Est-il encore besoin de présenter Chantal Santon-Jeffery (Naïs) et Reinoud Van Mechelen (Neptune), si ce n’est pour leur tresser à nouveau des lauriers ? Récitatifs, airs et ariettes leur permettent de révéler page après page leur savoir-faire dans cette musique si difficile. Dans Ces rapides traits de flammes, une « ariette un peu vive » dont le motif initial préfigure une gavotte des Boréades, Chantal Santon-Jeffery déploie une très belle vocalité à laquelle fait écho dans le final Ne quittez plus l’amour où sa voix s’envole avec souplesse et puissance. Après avoir récemment cultivé l’univers intimiste des cantates de Clérambault (lire le compte-rendu dans ces colonnes), Reinoud Van Mechelen incarne un Neptune mâle et raffiné. Son entrée au prologue Je vole où m’appelle ton choix donne immédiatement le ton. Il sait marivauder avec bonheur au premier acte avec Je ne suis plus ce dieu volage. Le final lui permet d’enchaîner un air tendre, très français, Tous les plaisirs s’offraient à mes vœux tour à tour et une ariette virtuose à l’italienne dans Cessez de ravager la terre avec la facilité. Quant au début de l’acte troisième, quel merveilleux lever de soleil ! L’air se colore, l’ombre fuit. Le feu des astres de la nuit cède à l’éclatante lumière de l’astre brillant qui les suit : où entendre un aigu si rayonnant si ce n’est chez ce merveilleux chanteur ?

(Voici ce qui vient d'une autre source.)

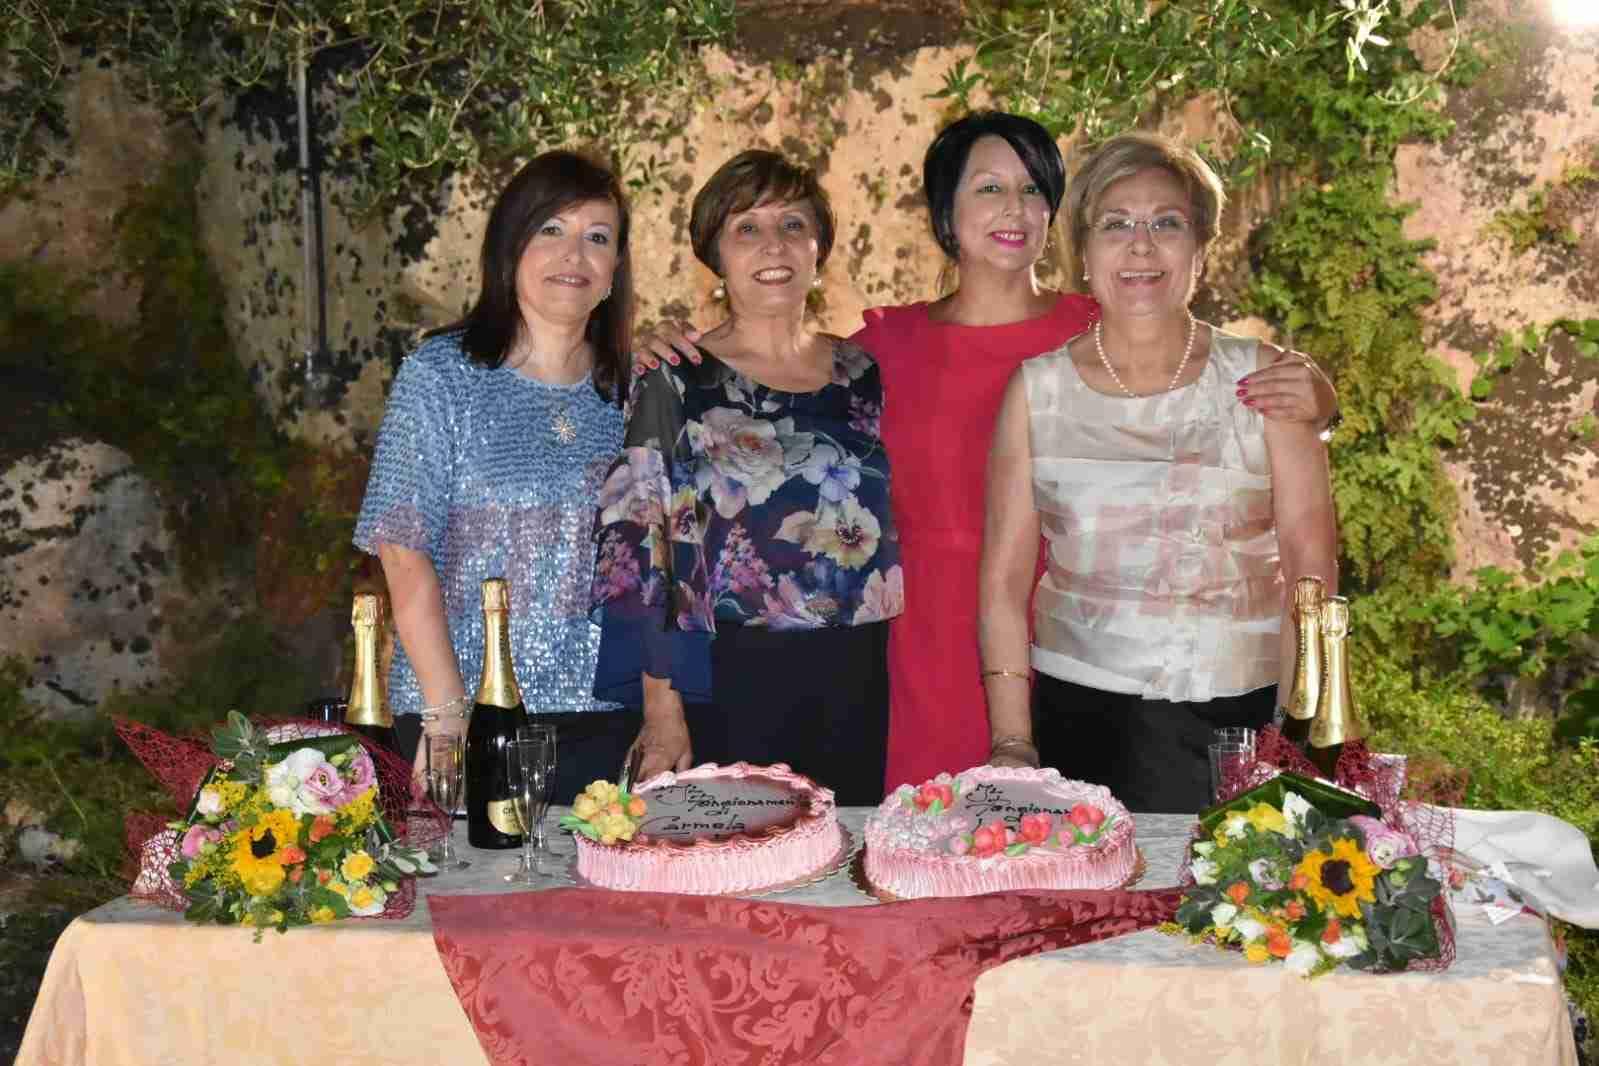 Luisa Moncada e Carmela Piazzese in pensione dal 1° settembre 2020
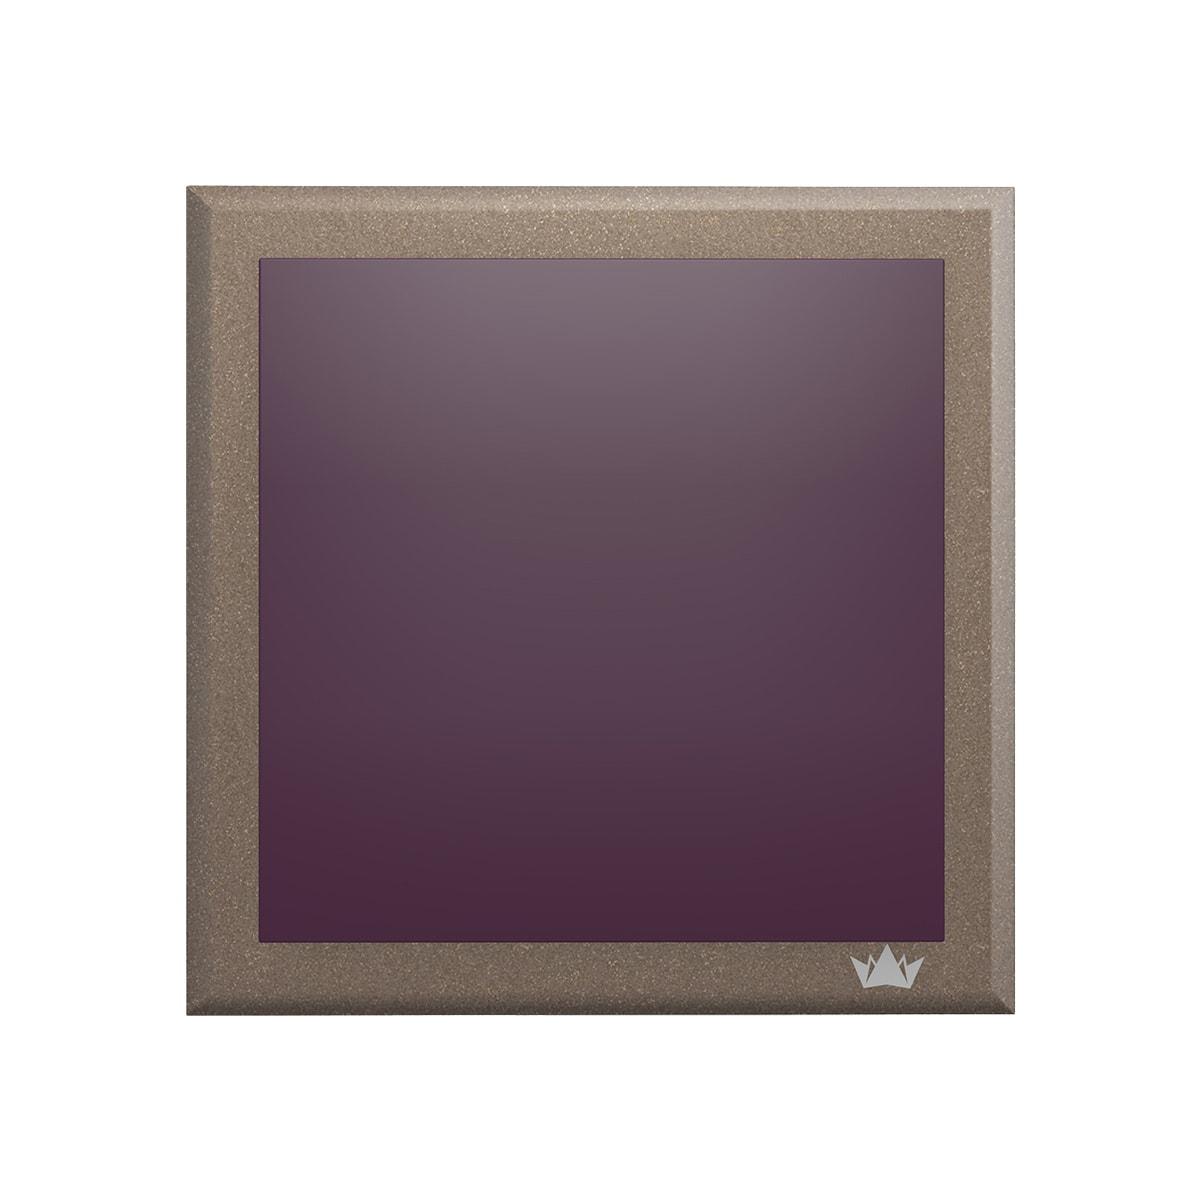 Беспроводной дистанционный выключатель Brenin Easy Switch brown

Souhaitons que d’autres projets à l’initiative des mêmes artistes et institutions puissent dans un avenir proche se développer tant pour continuer de redécouvrir Rameau (on a hâte d’entendre Györgyi Vashegyi dans une tragédie !) que d’explorer d’autres musiciens (Mouret, Colin de Blamont, Royer…) ! Dans cette attente, nous nous bornerons à dire en écho au merveilleux duo de l’acte III, Naïs, « que je vous aime » !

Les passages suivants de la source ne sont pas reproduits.